Montar un negocio por cuenta propia es una opción que cotiza al alza entre las personas que se han quedado sin trabajo o carecen de una alternativa laboral mejor. El crecimiento del fenómeno, conocido como “emprendimiento por necesidad”, es una de las muchas consecuencias de las crisis económicas.

Ya tuvo lugar durante los años posteriores al estallido de la burbuja financiera y ahora la tendencia vuelve a hacerse notar. La parálisis económica que ha provocado el coronavirus ha echado a miles de personas a la calle y algunos han visto en el emprendimiento la mejor manera para subsistir. “Un clásico”, comenta Guillem Arís, director de Autoocupación, una fundación barcelonesa que lleva desde el 1986 asesorando a aquellos que quieren dar el paso. “El emprendimiento por necesidad, en contra del emprendimiento por oportunidad, va muy ligado a la situación económica que atraviesa un país”, señala. Según los datos que recoge el informe GEM, un índice de referencia a nivel mundial, el emprendimiento por necesidad creció del 15% al 25% de 2009 a 2010, llegó a rozar el 30% en el 2014 y volvió a bajar hasta el 22% en el 2018, según los últimos datos disponibles relativos al mercado español. Ahora todavía es pronto para conocer las cifras del crecimiento del fenómeno, que engloba la creación de cualquier negocio, sea un comercio, una start-up ,
un bar, una peluquería o un trabajo como profesional autónomo.

A Barcelona Activa, la oficina de desarrollo local del Ayuntamiento, empiezan a llegar los primeros interesados. Presentan propuestas relacionadas con el ámbito digital y de la consultoría pero, como es lógico, no hay ni rastro de nuevos comercios tradicionales o del sector de la hostelería, comenta
Xavier Dumont, director del área de emprendimiento. “El grueso de solicitudes llegará en el 2021, cuando finalicen los ERTE y acabe la incertidumbre”, señala.

El motivo que explica el emprendimiento por necesidad es, evidentemente, la falta de trabajo, pero también influyen las inquietudes personales. “En la mayoría de los casos, las personas que deciden emprender se lo habían planteado con anterioridad pero no se habían atrevido a dar el paso. Son perfiles que ya tienen un cierto espíritu de liderazgo”, sostiene Guillem Arís. Además, el consultor explica que en muchas ocasiones los afectados no ven la autoocupación como la última salida profesional. “Normalmente, son personas que pueden optar a subsidios o bien recurrir a trabajos con menos cualificación que la suya. Simplemente, estas personas prefieren mantener su nivel de vida probando impulsar un negocio por su cuenta”.
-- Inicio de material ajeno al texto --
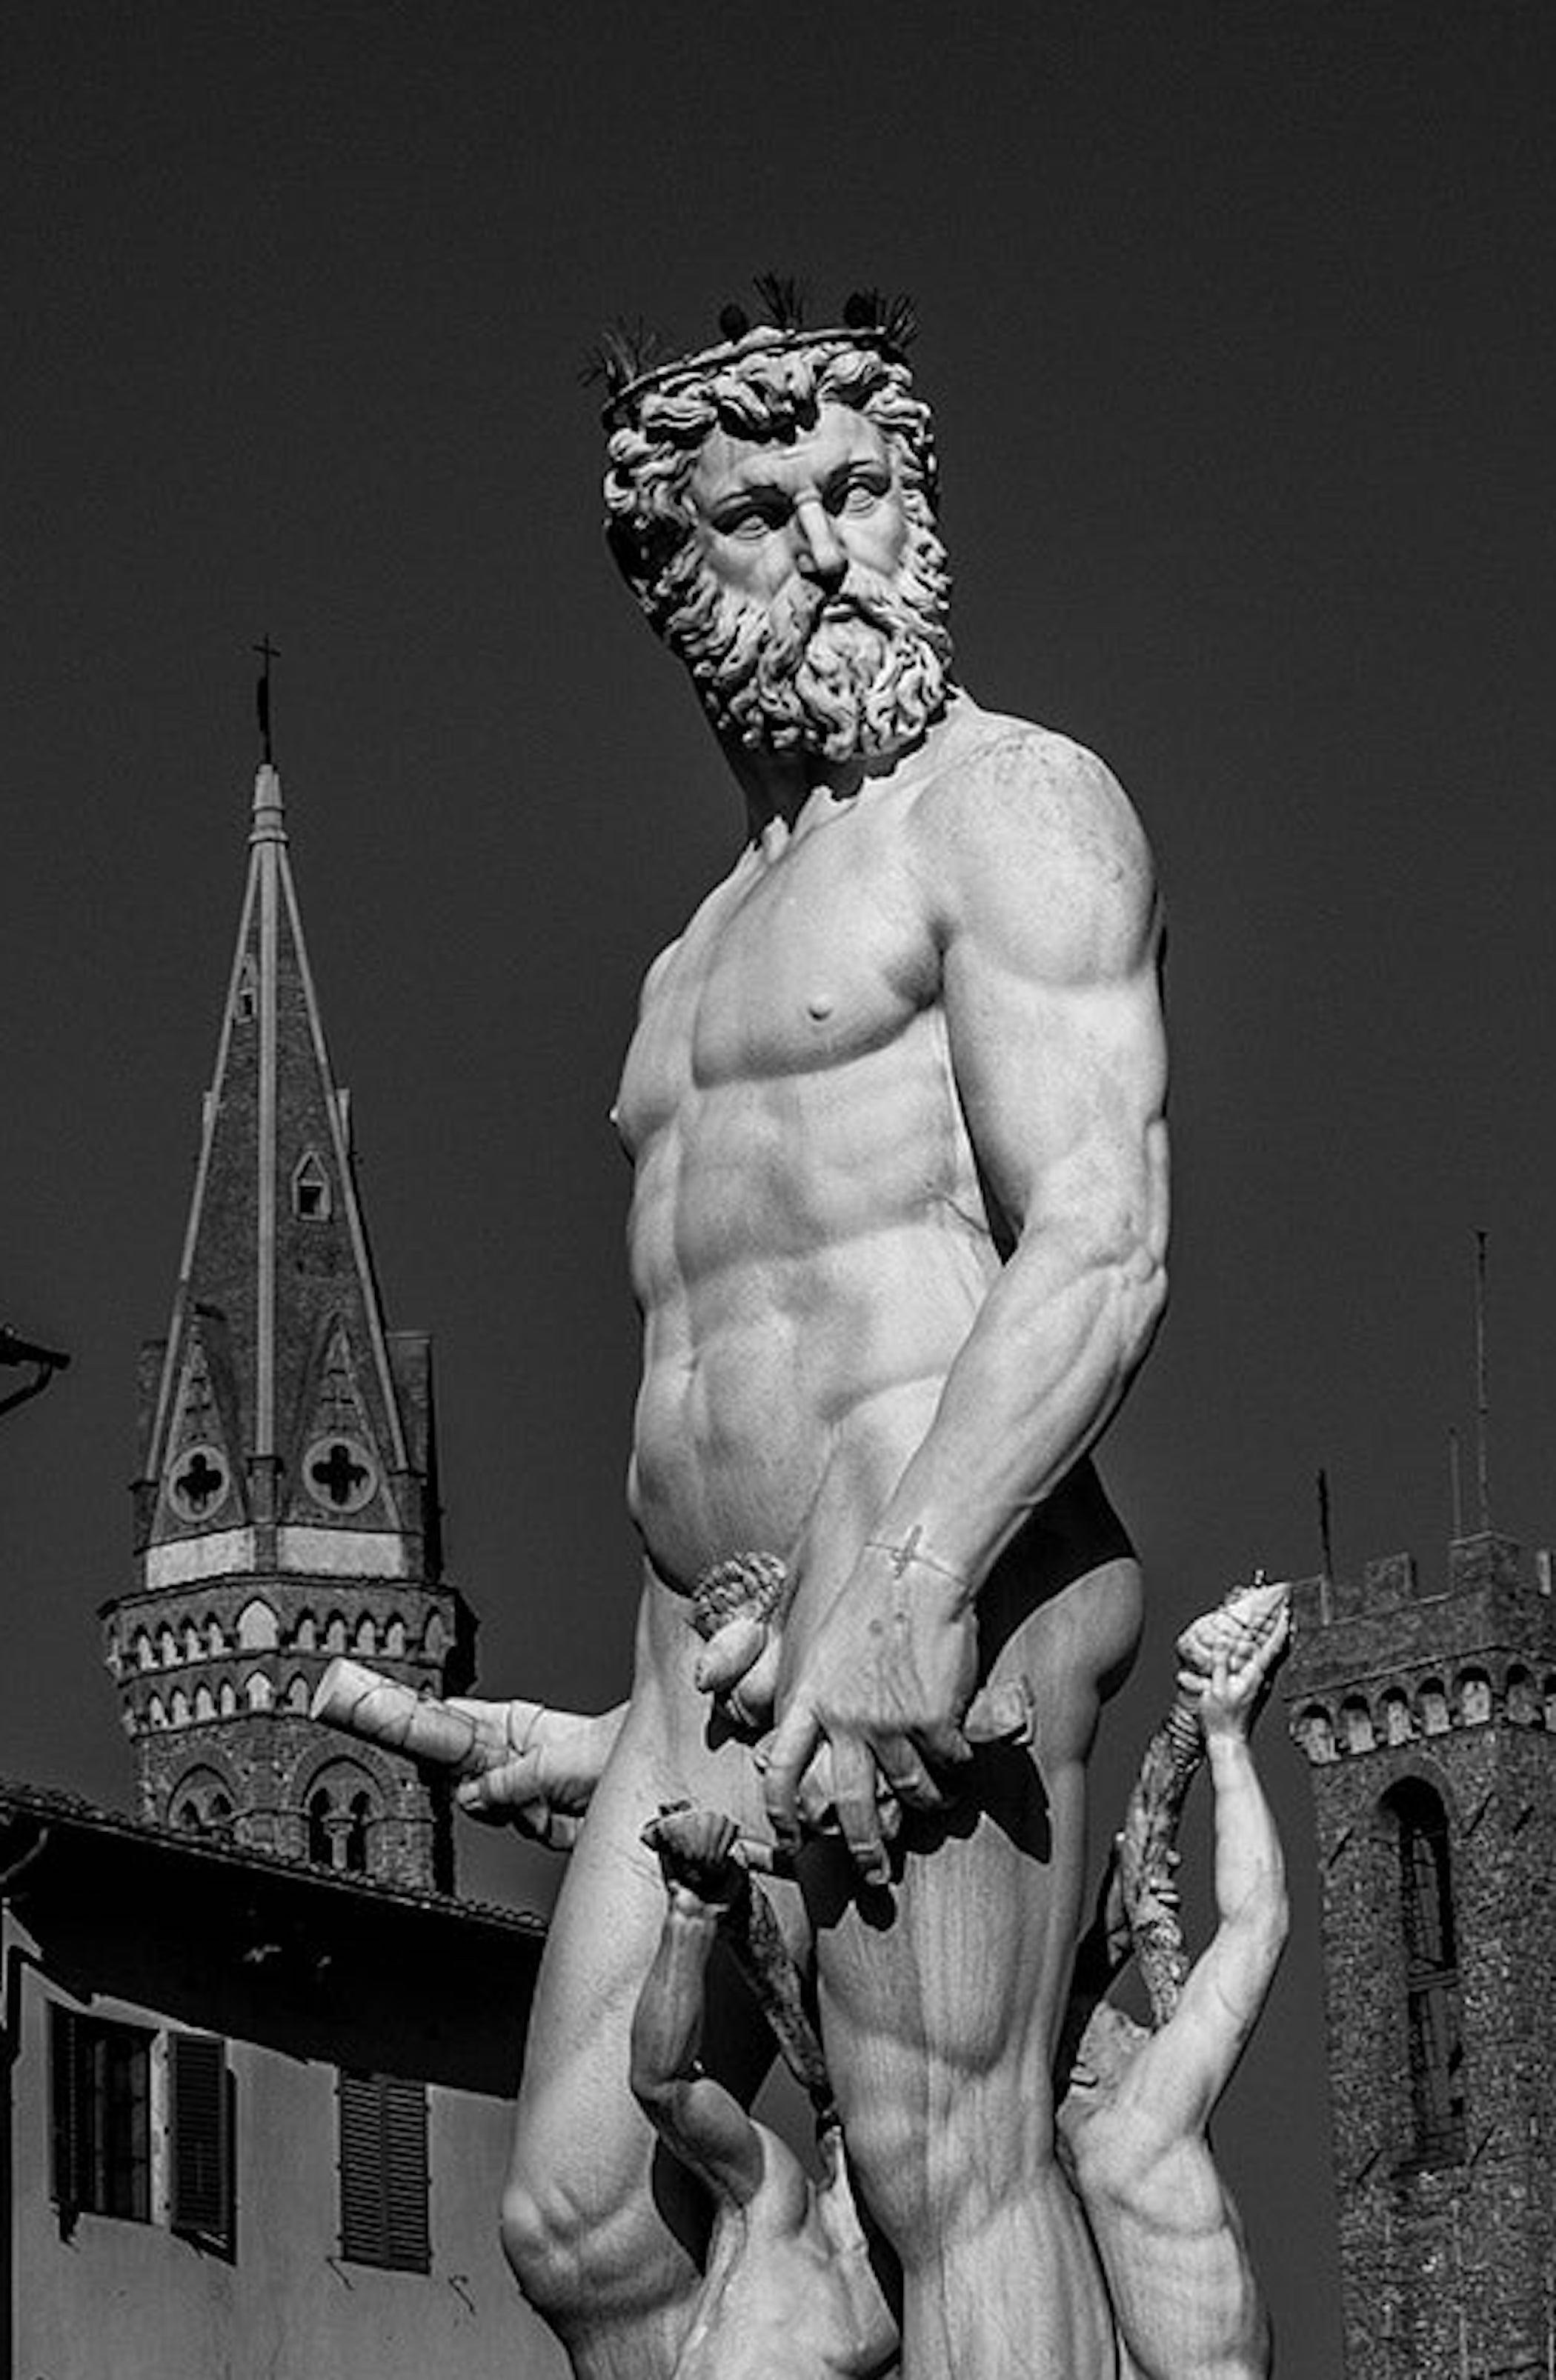 Florenz. Figurative Landschaftsfotografie in Schwarz-Weiß in limitierter Auflage (Zeitgenössisch), Photograph, von Juan Pablo Castro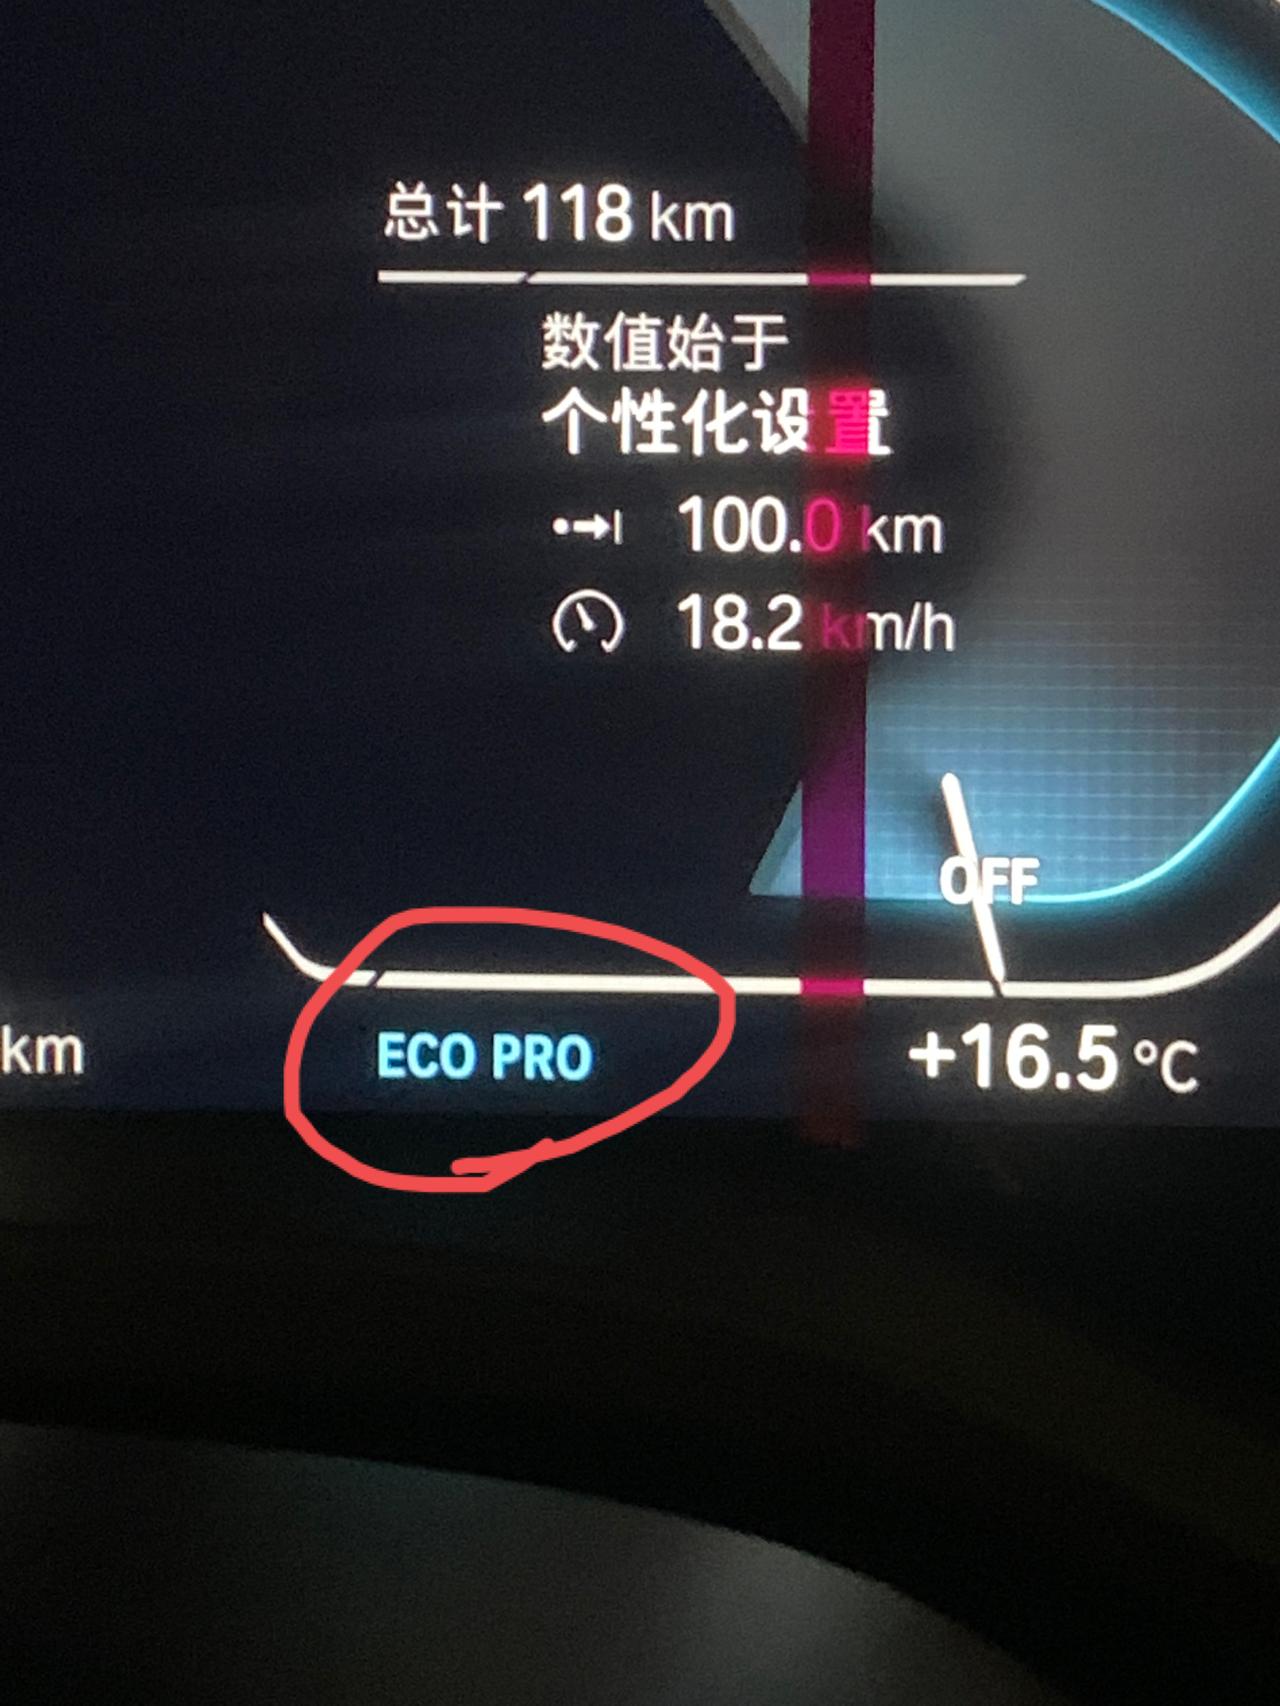 宝马iX3 按一次eco就显示eco pro，在按一次下面就多了一排英文 啥意思捏

Los beneficios de ser “tu propio jefe” son conocidos. El empresario ingresa todo lo que genera su empresa, tiene mayor poder de decisión en todos los ámbitos del negocio, dispone de flexibilidad horaria –por tanto, puede conciliar mejor– y está más satisfecho y motivado a nivel profesional, destacan los expertos. Los riesgos también son sobradamente conocidos –fracaso, asumir deudas, largas jornadas de trabajo–, pero en estos casos en los que la necesidad aprieta los peligros pueden ser mucho mayores, especialmente si es la primera vez que se entra en el mundo empresarial.

“La gente no es consciente de lo difícil que resulta emprender, las cargas de estrés que conlleva, la fuerza que se requiere para afrontar el rechazo de inversores, clientela, proveedores… Hay gente que viene desorientada, especialmente a nivel legal”, comenta Dumont.